Back inside the distillery, we ate a small lunch of rice and some river fish while the smoke swirled around us. Agarwood, in this case Boyah, is soaked as long as possible, even a month or two, then distilled 5 days, running the hydrosol back into the still throughout, and then taken out and soaked another month or two, then distilled another 5 days. It’s ridiculous. The amount of time and fuel required are immense, and to recoup those costs you need something more valuable than Boyah. Currently Boyah sells for less than a fifth of oud. Still expensive, compared to other essential oils, but a poor and crude cousin indeed to oud. Incidently, Boyah is completely different chemically, from oud and it’s still covered by the CITES regulations anyway.

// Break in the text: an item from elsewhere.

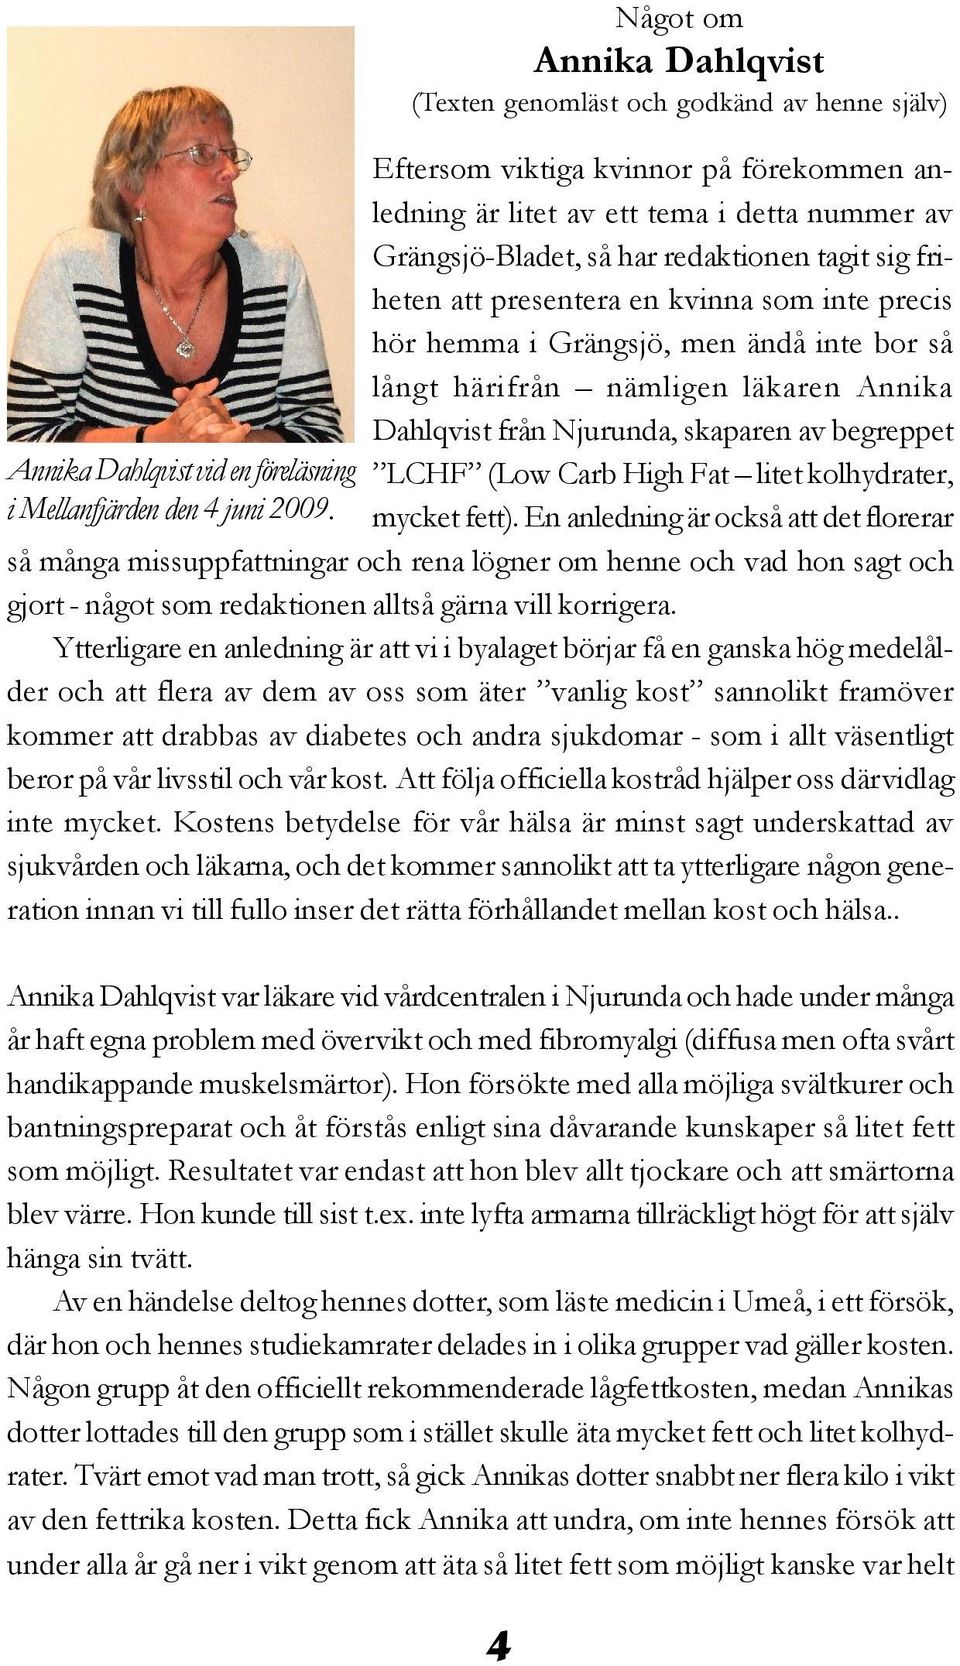 tagit sig friheten att presentera en kvinna som inte precis hör hemma i Grängsjö, men ändå inte bor så långt härifrån nämligen läkaren Annika Dahlqvist från Njurunda, skaparen av begreppet LCHF (Low

I know people are going to ask if this farm/distillery conforms to CITES, if it has the paperwork and the answer is: of course not. But of course it does. Both. It can buy the certificate if needed. The whole CITES thing is a farce, sorry to say.

In the end, we decided not to stay the night and left in the back of a little cart, crossing the river in a slow spray of water, and slowly drove out of the park, stopping en route to say hi to some guys cutting down rosewood, chain saws screaming. Forestry trucks parked a short way away, their occupants out somewhere.

There was now not enough time to get to the cave Mr. Sompat wanted to show me, and so we spent the night in Nahin, or so he says. I can’t read Lao.

There is a sweet little guesthouse down by the river--it’s a small riverlet actually, and moves briskly thanks to energy turbines upstream. The restaurant sits on a huge wooden balcony perched over the river, which swirled and undulated in the full moon. We ate a huge dinner: Steamed river fish with herbs, one of my favorite Lao dishes, sautéed morning glory vine, and another fish dish I couldn’t identify but scraped the plate of. I retired to my bungalow and slept like a dead person.